Matina Stevis-Gridneff, Canada Bureau Chief, The New York Times; Greg Ebel, President and CEO, Enbridge; Matthew Shay, President and CEO, National Retail Federation; Keith Creel, President and CEO, CPKC; and Chad Williams, CEO, QGC spoke on the Navigating Cross-Border Commercial Ties panel at the U.S.-Canada Summit Oct. 8. / MEANS & WAYS PHOTO
Greg Ebel, President and CEO of Enbridge, agreed that policy alignment exists — but said both governments must move from vision to implementation.
“I think both countries are actually trying to make some really important changes,” Ebel said on a different panel, Navigating Cross-Border Commercial Ties. “The Prime Minister has been very clear that the last 10 years have been a problem for the economy and there needs to be change.”
Ebel said Canada’s challenge is no longer about planning but about delivering.
“We have a vision — the President and the Prime Minister have a plan — the issue is like in all businesses: you must execute that plan and adapt,” he said. “We haven’t built a pipeline in this country for 10 years — that’s not execution.”
He added: “It’s a competitive world. Let’s not race to the bottom — let’s race to the top.”
Ebel also highlighted the integration of the North American energy system as an opportunity for mutual gain.
“The ability to have win-win solutions is really there if we act,” he said, noting that Enbridge, a Canadian company, owns the largest oil export facility in the U.S. Gulf Coast. “That’s U.S. energy dominance being protected — and it’s only possible because 4 million barrels come from Canada every day.”
Matthew Shay, President and CEO of the National Retail Federation, said on the panel that North America’s economic resilience depends on pragmatic policy and continued cross-border trade. Shay also noted that retail and consumer spending remain strong despite tariffs and uncertainty.
“Canada has an effective tariff rate right now of 0.6% because so many goods are exempted under USMCA,” he said. “In the U.S., we haven’t seen massive price increases due to tariffs. Retailers have worked really hard with their suppliers to not pass on any price increases to consumers.”
He said collaboration, not confrontation, will sustain long-term competitiveness.
“Putting America first doesn’t mean other countries can’t succeed,” Shay said. “U.S. consumers will continue to demand and need products from other markets.

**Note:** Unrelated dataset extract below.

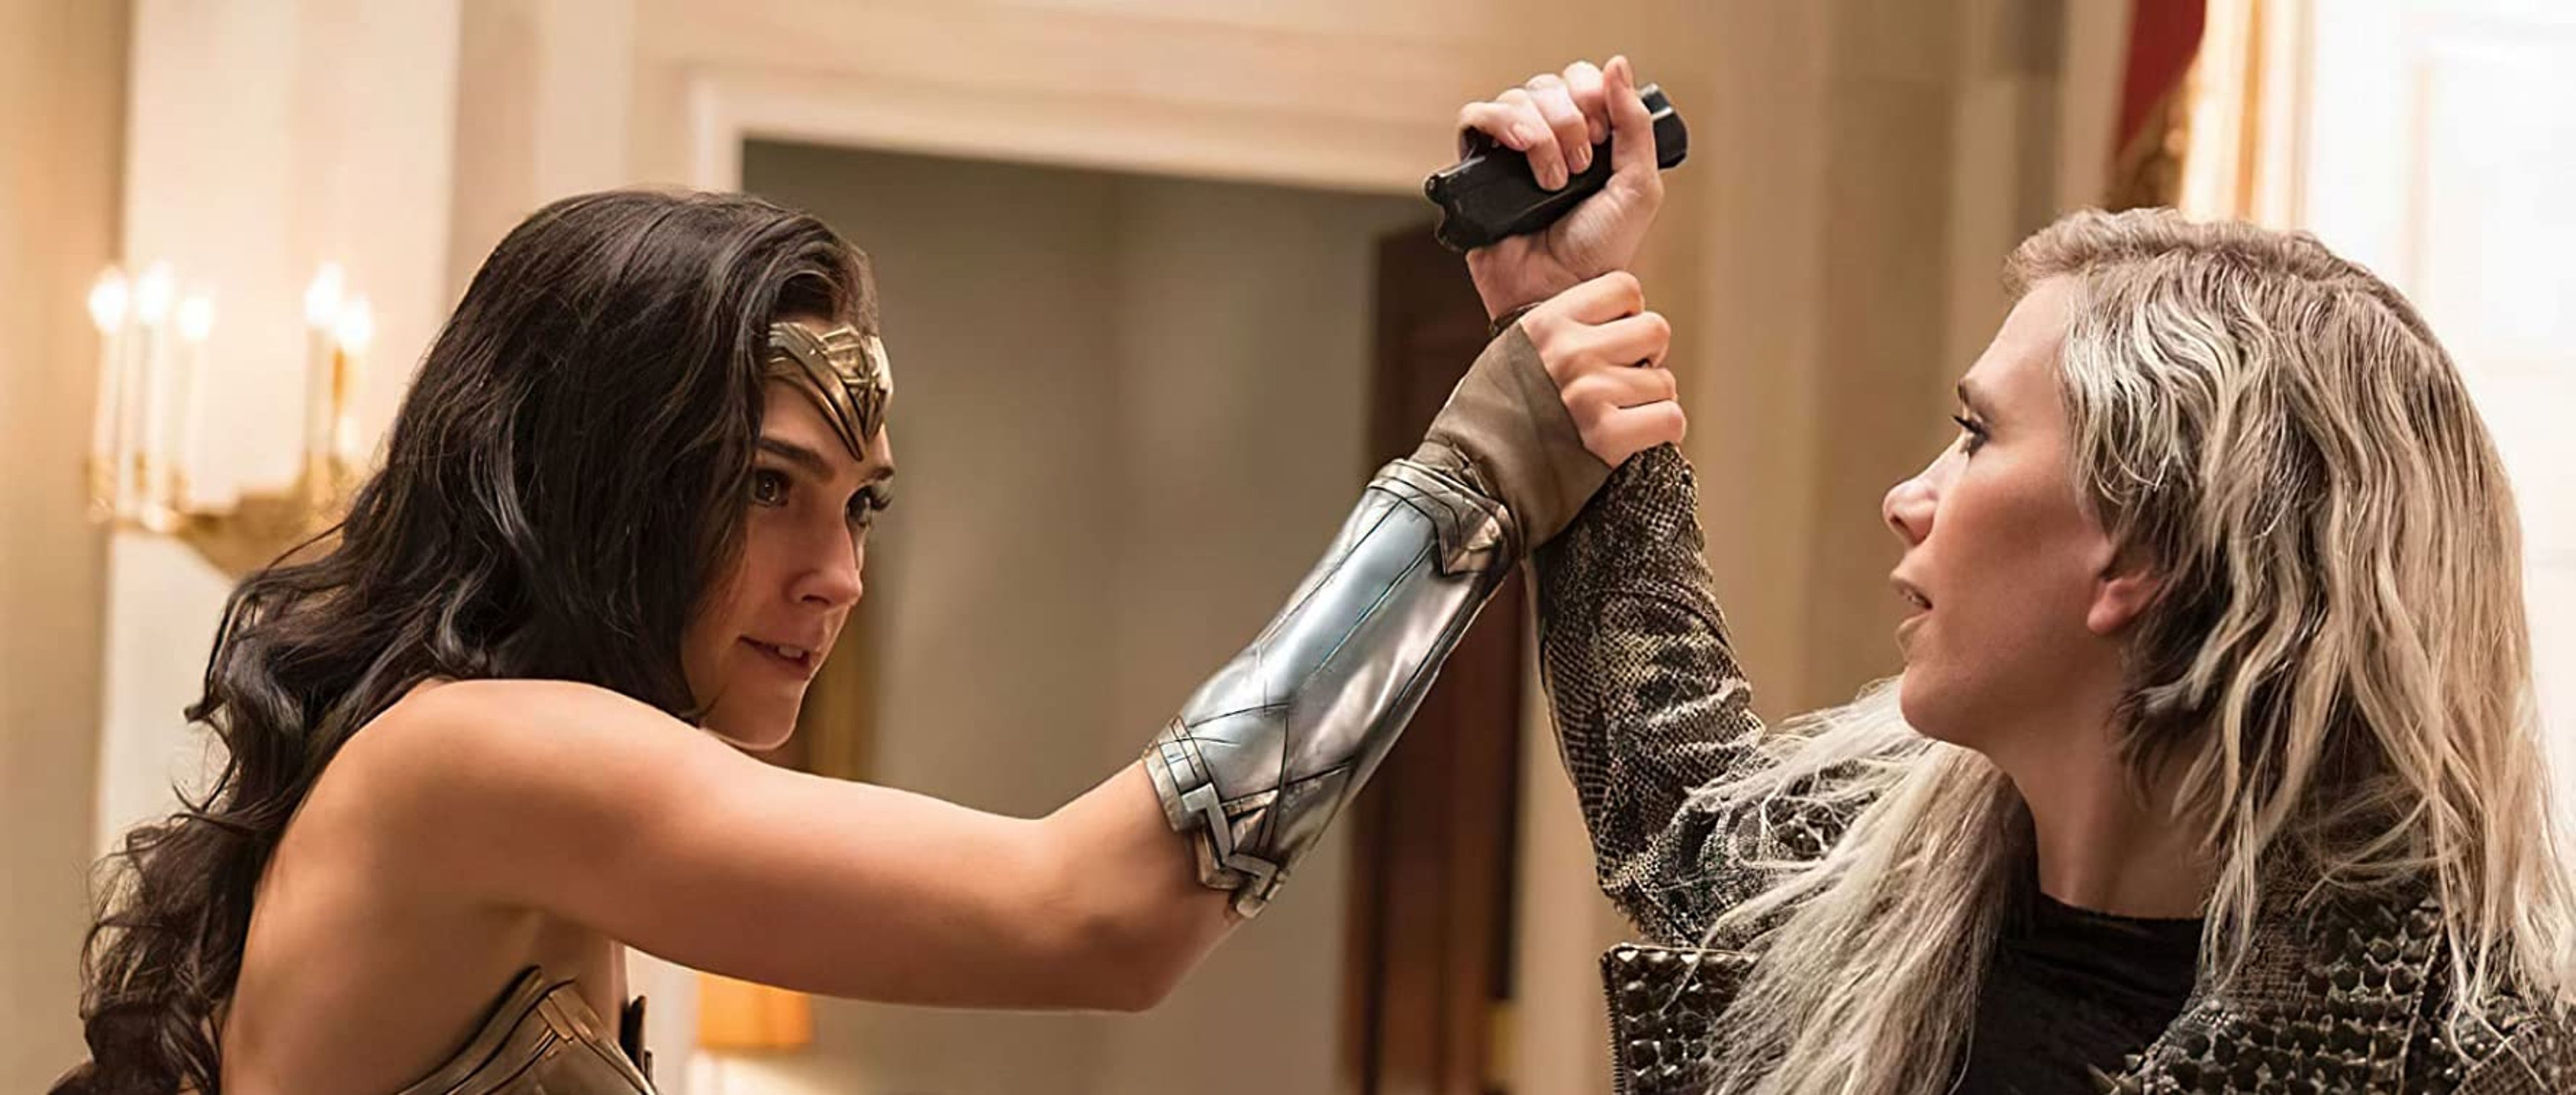 Wonder Woman 3: botta e risposta tra Patty Jenkins e James Gunn Copertina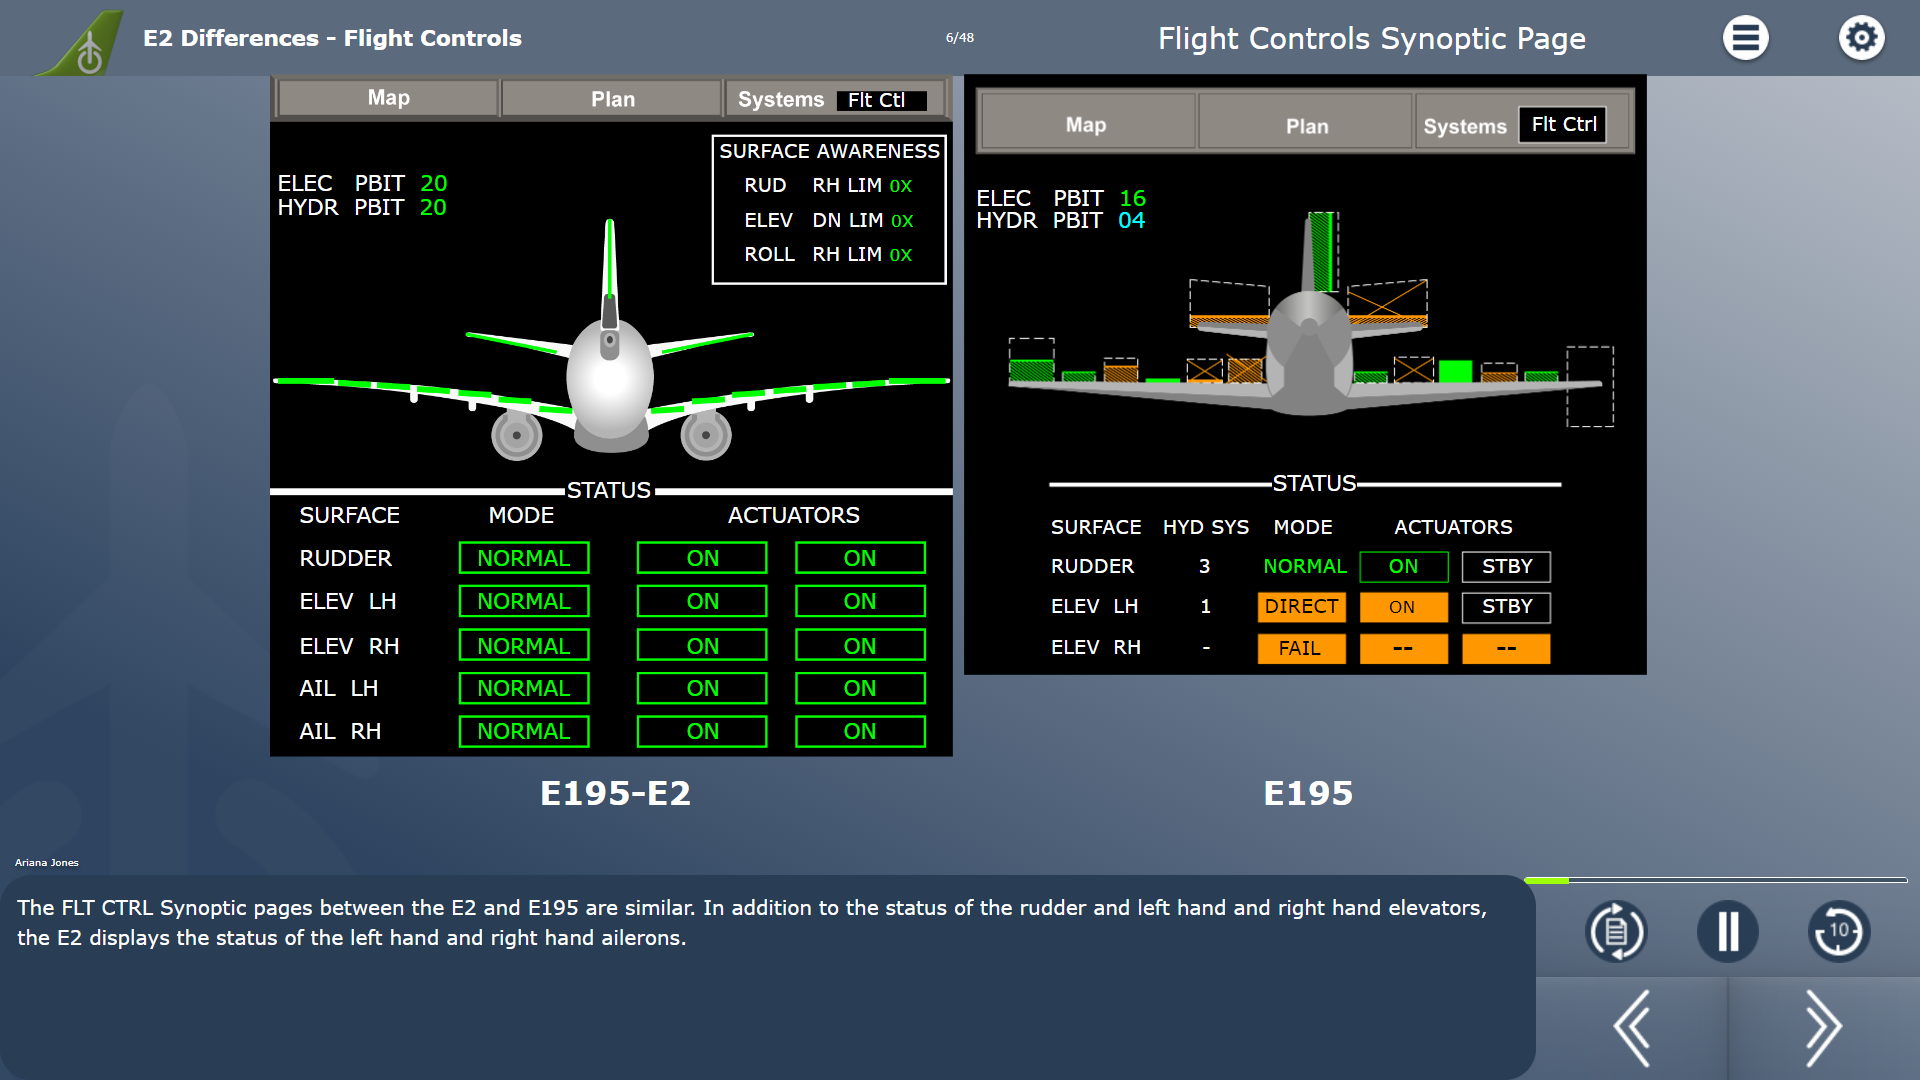 E2 Differences - Flight Control Synoptics

There’s always going to be an appetite and a pathway for those products.”
Chad Williams, founder of QI and former CEO of Red Cloud, was also on the Navigating Cross-Border Commercial Ties panel. He emphasized that Canada’s resources, infrastructure, and proximity to the U.S. make it uniquely positioned to attract massive investment.
“The opportunity to invest capital and use resources that you all are richly blessed with is in front of us,” Williams said. “This is a place where you should invest tens of billions of dollars and really see a transformational change.”
He argued that Canada could seize a pivotal role in the global energy transition if it can “deliver sustainable and cost-effective energy” quickly.
“The real opportunity is that we can both win,” he said.